### Assignment
Please reproduce all the data exactly as written and omit the pictures.

### Data
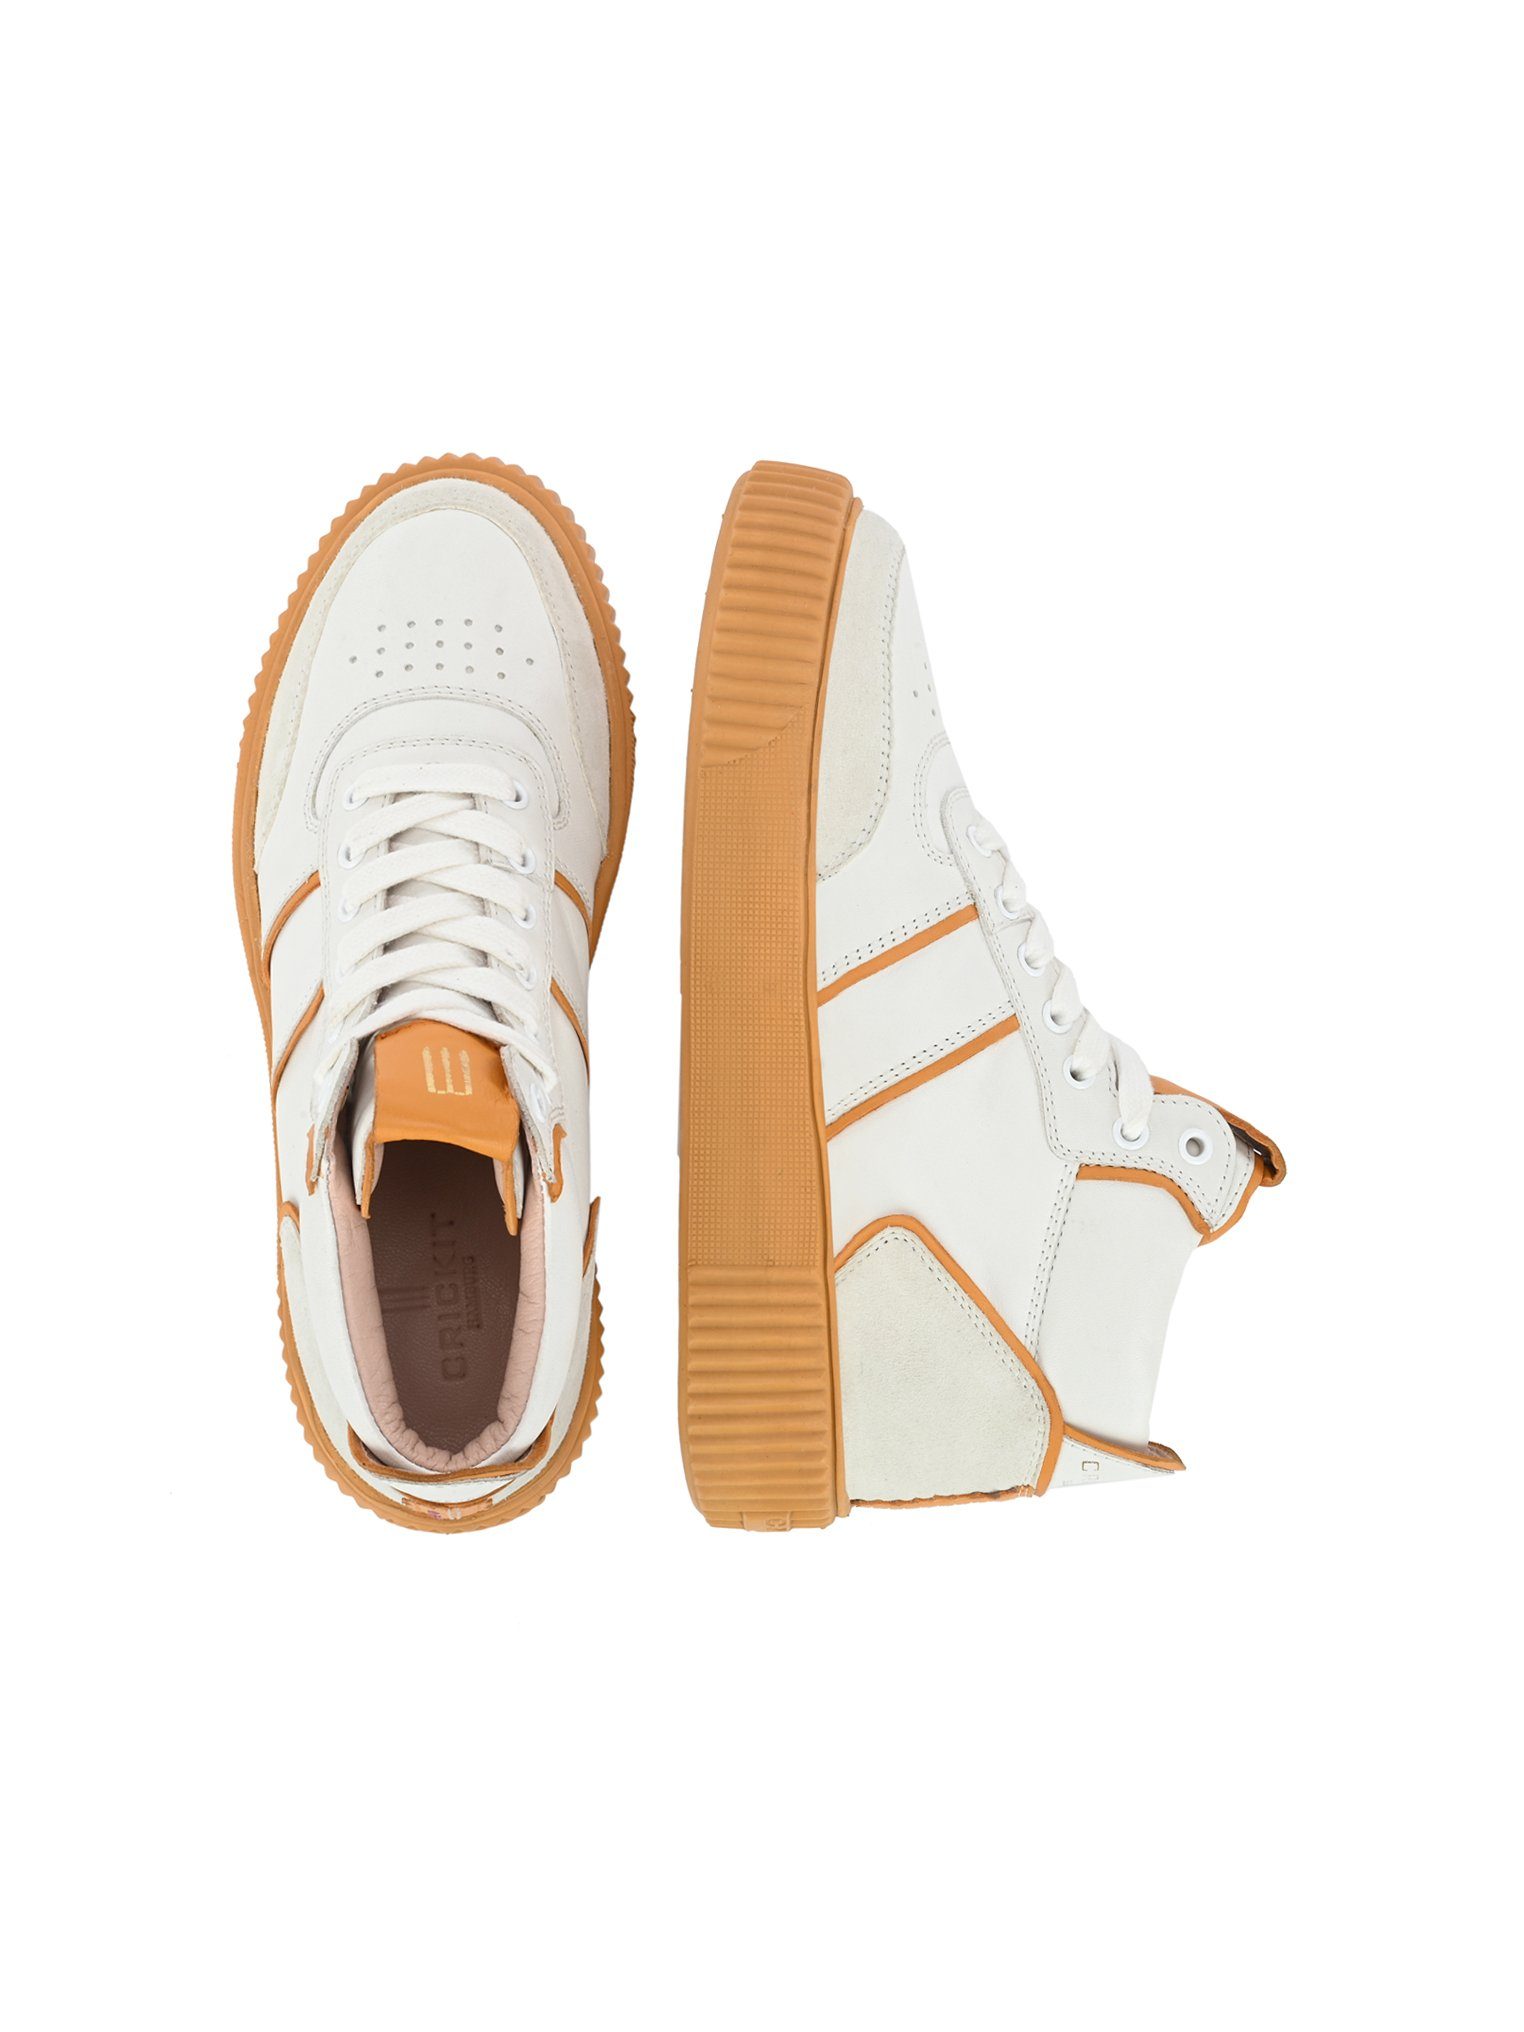 CRICKIT MARWA Sneaker Weiß orange
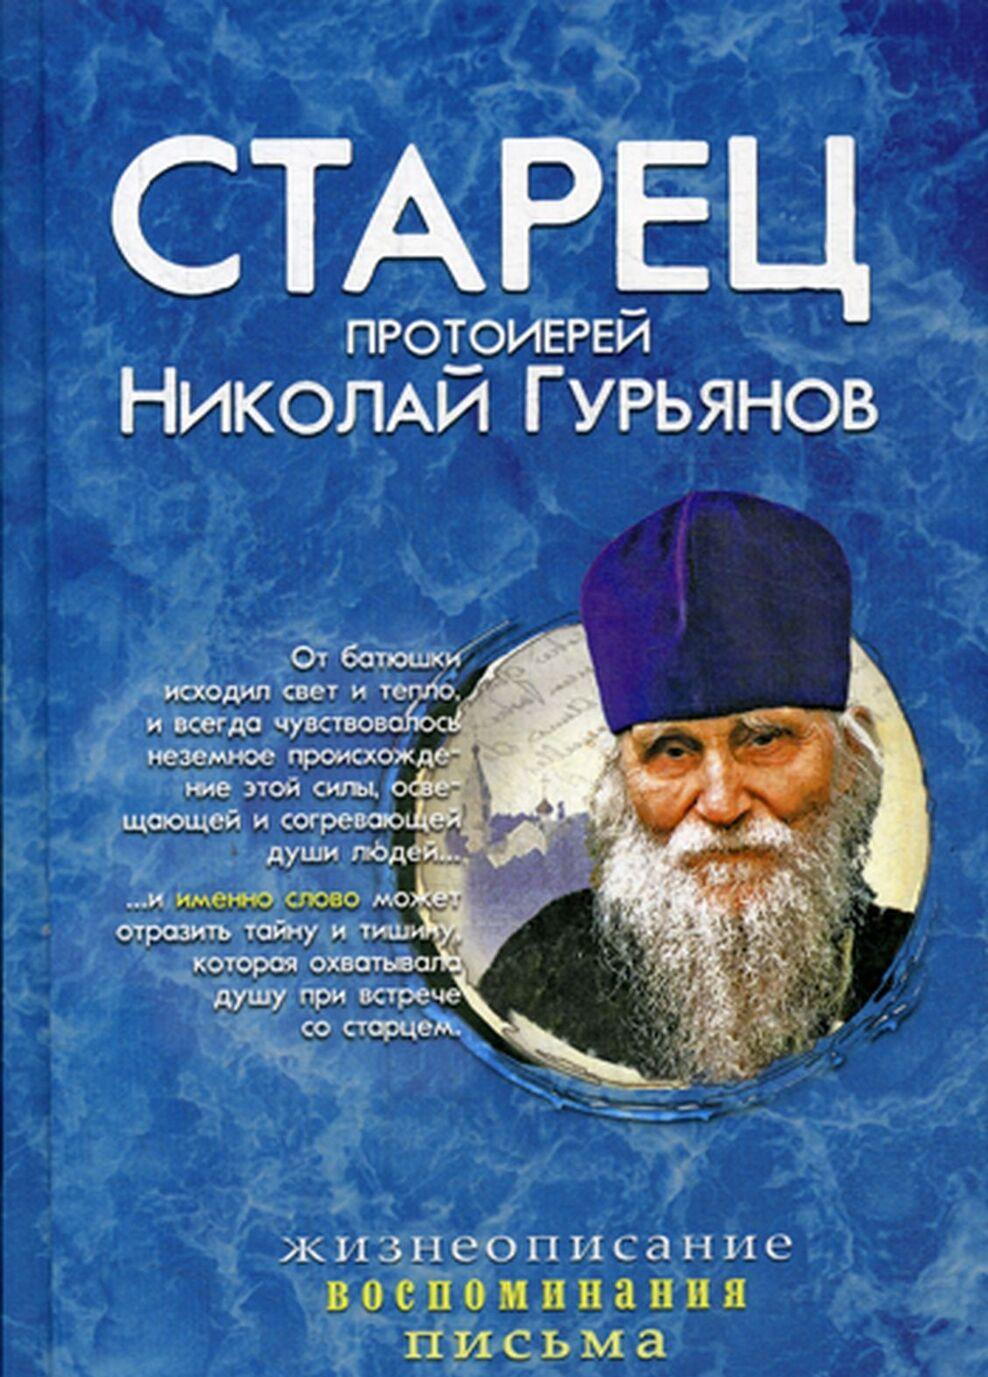 Книга Старец протоиерей Николай Гурьянов 
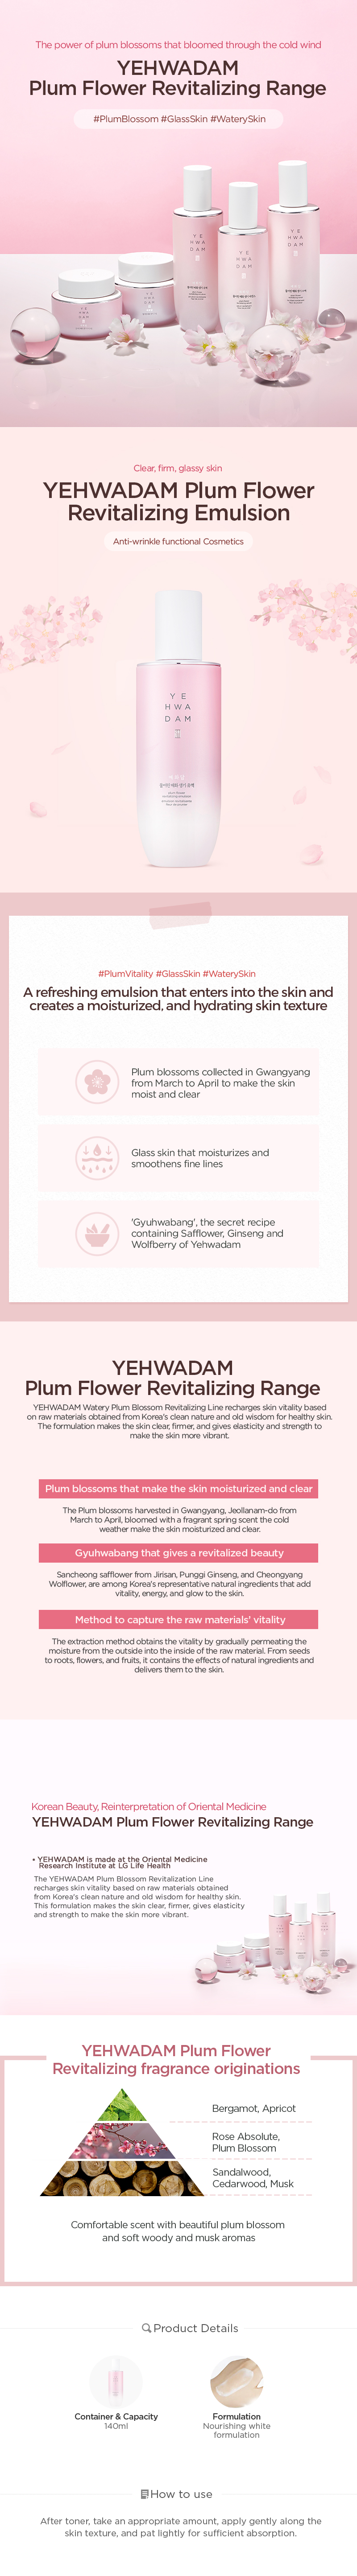 Yehwadam Plum Flower Revitalizing Emulsion

### Written response
 CRICKIT MARWA Sneaker Weiß orange
 Книга Старец протоиерей Николай Гурьянов 
 Yehwadam Plum Flower Revitalizing Emulsion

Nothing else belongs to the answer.